In FIG. 1, the data show expression of the ratio of phosphorylated SMAD2 (pSMAD2) protein relative to total SMAD2 protein in BAL cells isolated from cynomolgus monkeys after 8-weekly doses of STX-100 treatment relative to circulating levels of STX-100 in serum after the last (8^th) weekly dose of antibody (area under the curve (AUC) ug*hr/ml). Data are shown for individual animals in vehicle and 0.1, 0.3, 1.0, 3.0, and 10 mg/kg STX-100 treatment groups. pSMAD2 and total SMAD2 levels were determined by ELISA analysis.

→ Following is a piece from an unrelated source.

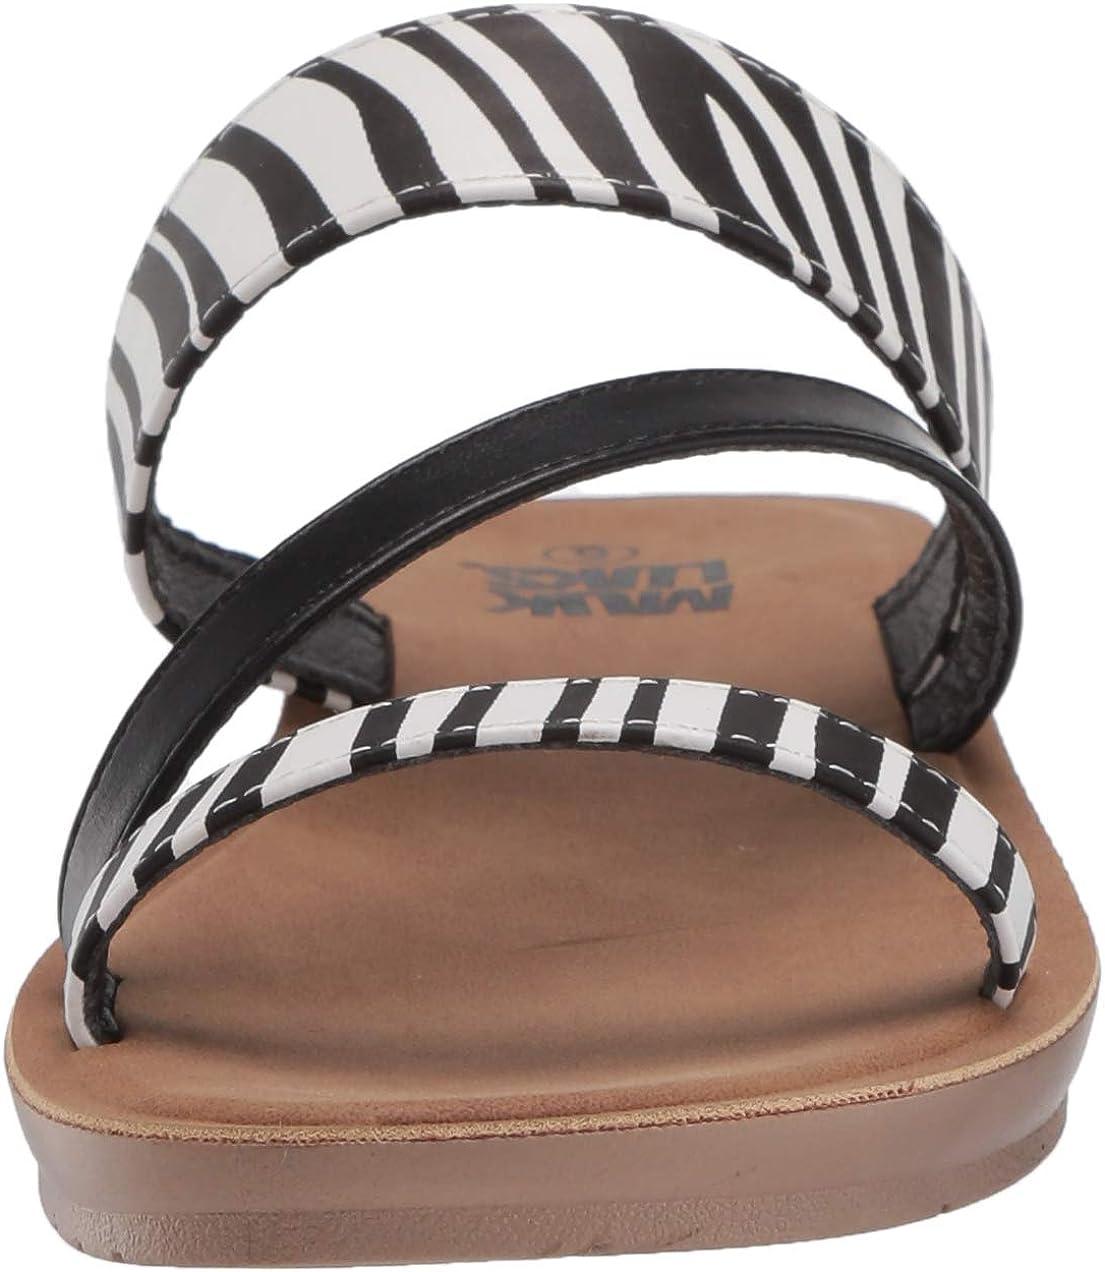 MUK LUKS Women's Dahlia Strap Sandal-Black
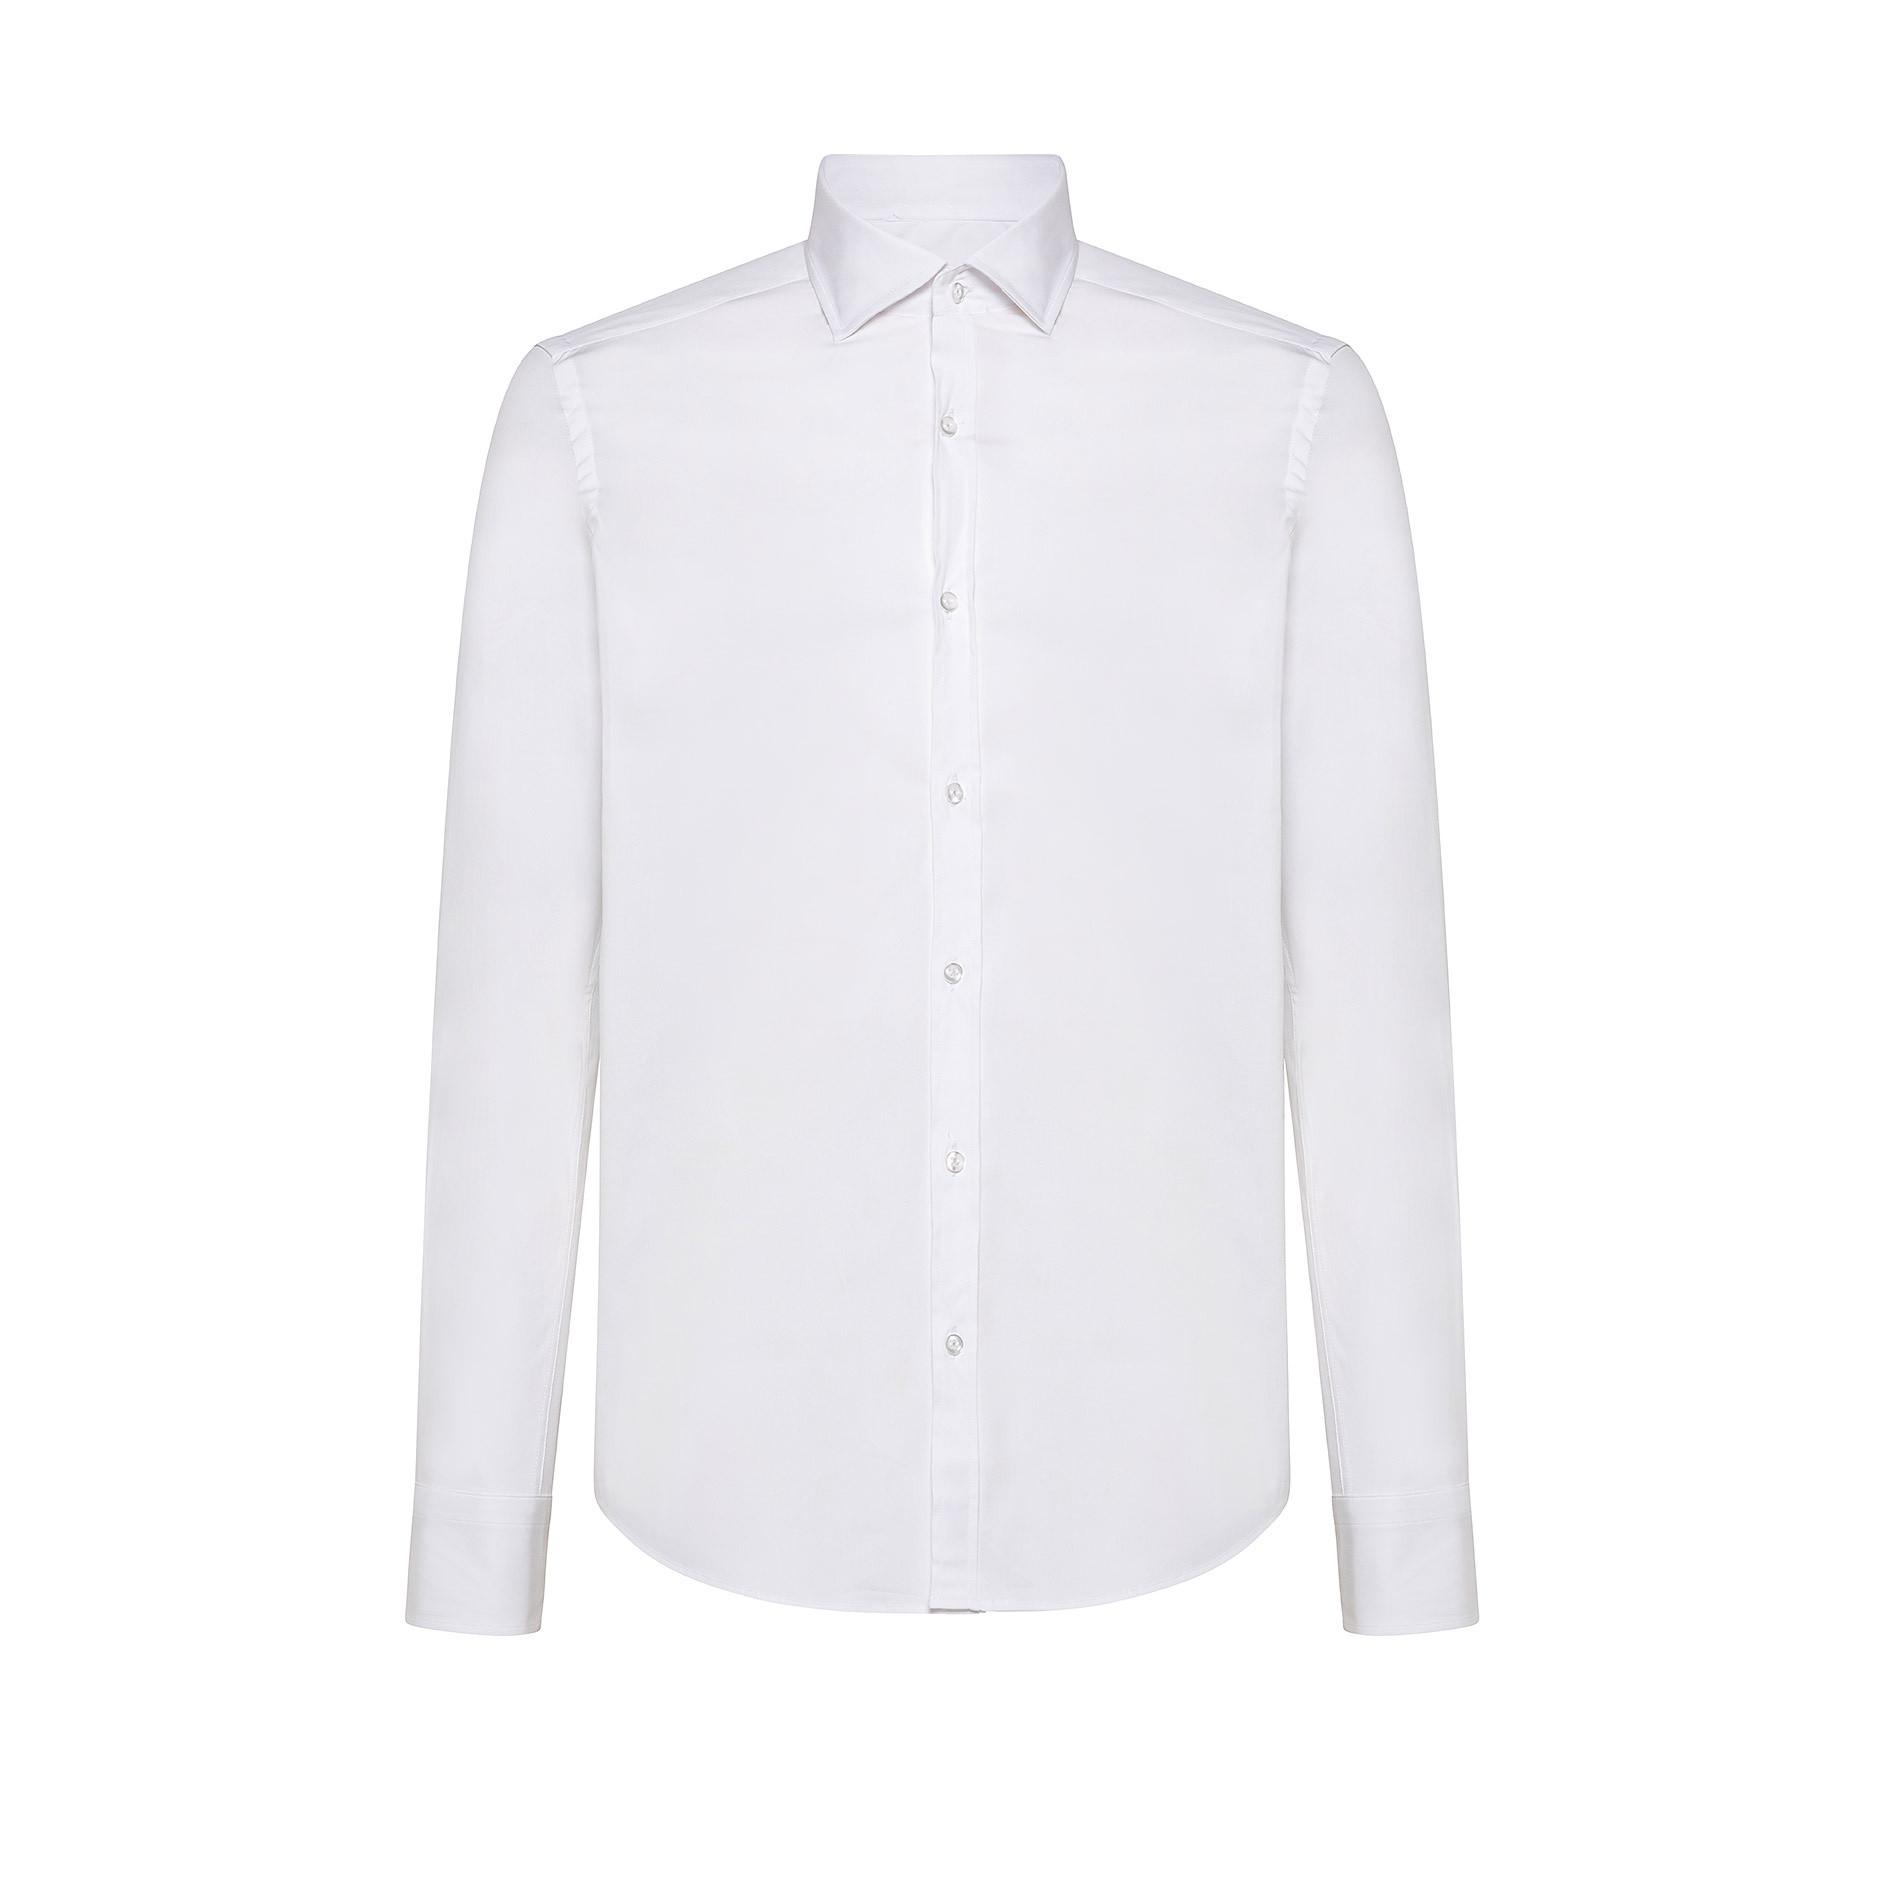 Camicia button-down popeline di cotone, Bianco, large image number 0

In FIG. 2, the data show expression of example genes a) ALOX5, b) OLR1, c) Serpinel, and d) TGM2 in BAL cells isolated from cynomolgus monkeys after 8-weekly doses of STX-100 treatment relative to circulating levels of STX-100 in serum after the last (8^th) weekly dose of antibody (area under the curve (AUC) ug*hr/ml). Data are shown for individual animals in vehicle and 0.1, 0.3, 1.0, 3.0, and 10 mg/kg STX-100 treatment groups. Gene expression was determined by Taqman® gene expression analysis.

Example 2: Quantitative Polymerase Chain Reaction Studies on Gene Expression Levels in BAL Macrophage Cells Following Injection of 3G9 Antibody in Mice

Wild type mice were either treated with 2 doses of 3G9 antibody at three different concentrations (i.e., 0.3 mg/kg, 1 mg/kg, or 3 mg/kg) 7 days apart or not treated (control). BAL macrophages were isolated from the mice 24 hours after the second dose and quantitative polymerase chain reaction was used to determine the expression level of Cathepsin L, Legumain, PAI-1 (also known as Serpinel), Osteopontin, TREM-1, MMP-19, and ALCAM.

3G9 treatment did not significantly affect the expression of Cathepsin L or Legumain (FIGS. 3 and 4). However, 3G9 treatment increased the expression of MMP19 and ALCAM, and reduced the expression of osteopontin, TREM-1 and PAI-1 (FIGS. 5-9).